Case Study: Zillow Scales Background and Real-time Workloads with ScyllaDB

By Dan Podhola, Principal Software Engineer, Zillow

About Zillow

With $2.7B of annual revenue in 2019, Zillow is the most visited real estate website in the United States. Zillow maintains data on approximately 110 million homes across the U.S., offering a range of features for home buyers, sellers, and renters, including value estimates, value changes of each home in a given time frame, aerial views of homes, and prices of comparable homes in the area. It also provides basic information on any given home.

The Challenge

To drive these services, the IT team at Zillow is responsible for processing property and listing records, mapping those to common identifiers, and translating messages into a common interchange format that can be shared across teams.

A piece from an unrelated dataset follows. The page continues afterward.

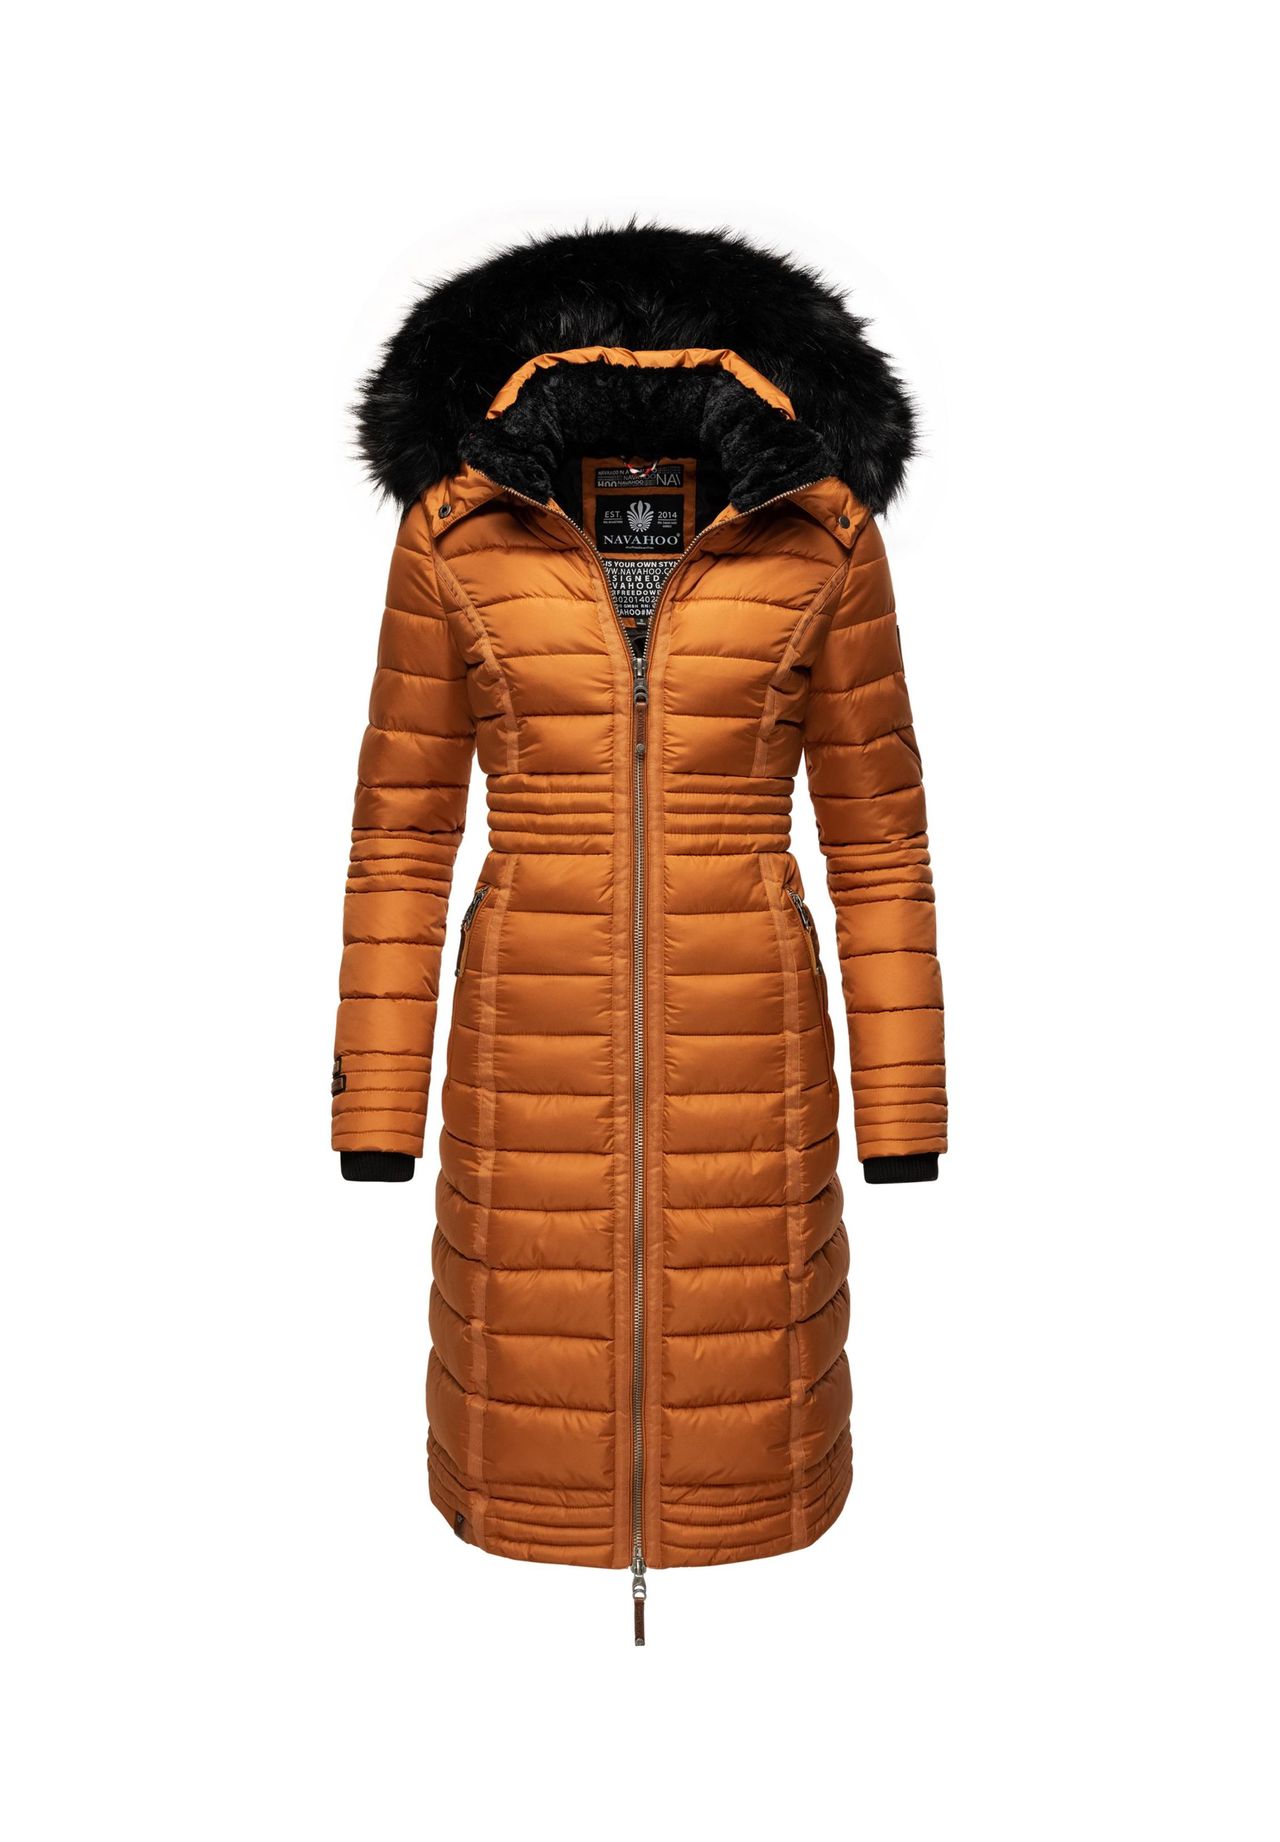 Mantel braun xl kaufen | GALERIA

A listing processor service uses ScyllaDB as a storage layer, taking messages from two queues, publishing to a Kinesis stream, and backfilling messages to an S3 bucket.

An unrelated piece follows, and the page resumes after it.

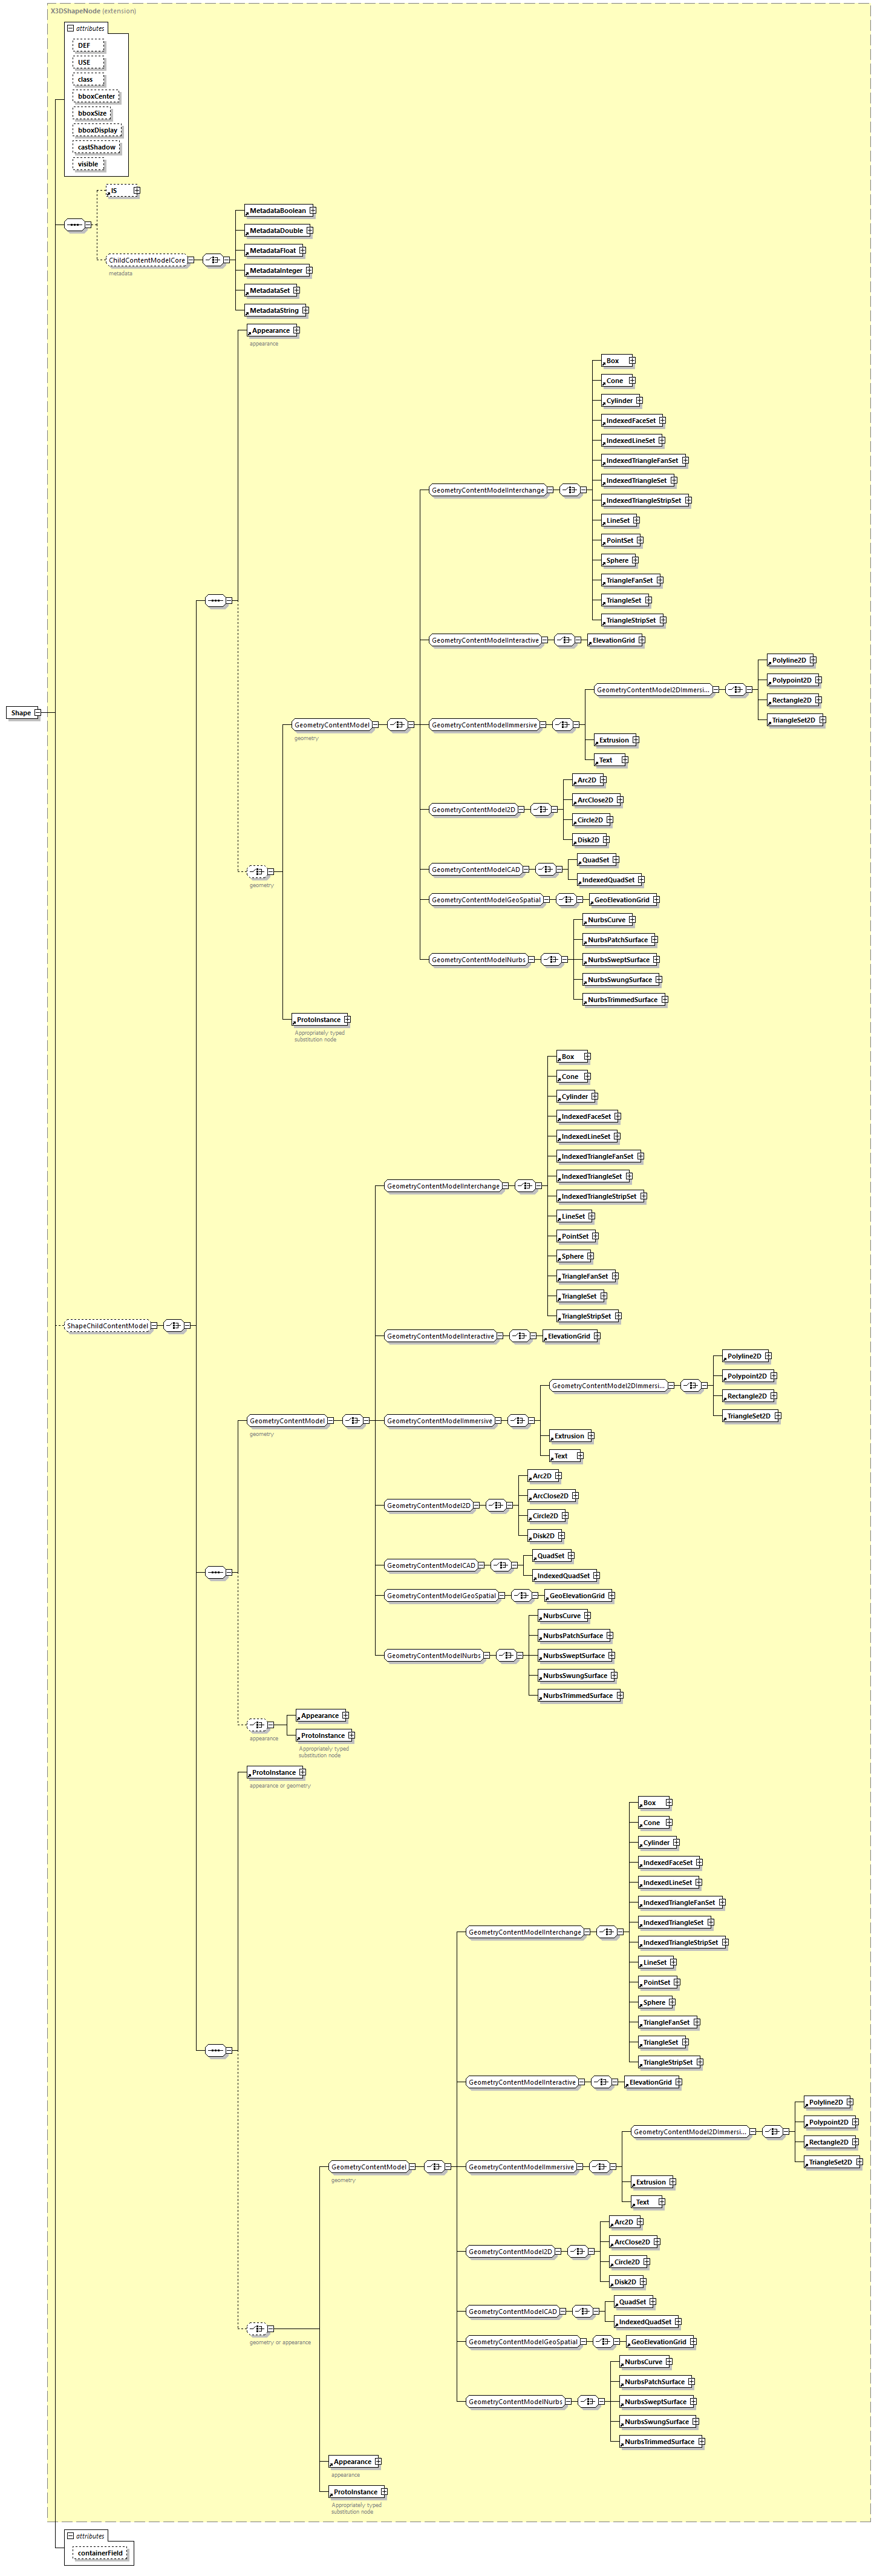 x3d-4.0_diagrams/x3d-4.0_p218.png

Consuming messages from multiple sources in the same cluster can be problematic, especially when those sources provide data from multiple queues and cannot guarantee message ordering.

Dan Podhola is a Principal Software Engineer at Zillow. Podhola explains, “Our biggest challenge is that we have a highly threaded application, and we receive two different message queues from two different producers. As a result, messages can be received out of order, simply by the nature of the queues. The application cannot go ‘back in time’ to reorder messages.”

“No one even realizes that we are processing the entirety of Zillow’s property and listings data.”

– Dan Podhola, Principal Software Engineer, Zillow

The Solution

The Zillow team was able to solve the problem without resorting to application locks, or even using ScyllaDB’s lightweight transactions (LWTs). According to Podhola, “We provide the ScyllaDB write timestamp and employ a couple other tricks to provide correct and consistent data to our consuming services and avoid doing transactions.”

Today, Zillow runs ScyllaDB in production on a cluster of three i3.4.xlarge AWS instances. The listing service supports real-time workloads on a single c5.xlarge instance, which autocales to three instances to support traffic spikes. The backfill services auto-scale to 35 c5.xlarge instances.

According to Podhola, the real benefit of ScyllaDB is its ability to scale in support of both background processes and real-time, user-facing workloads.

“No one even realizes that we are processing the entirety of Zillow’s property and listings data, maybe to correct some data issue or change a business rule,” explains Podhola. “The real beauty is that, on just three nodes, we can scale up to 35 of the c5.xl instances and we’ll process over 6500 records per second, while also running the real-time workloads.”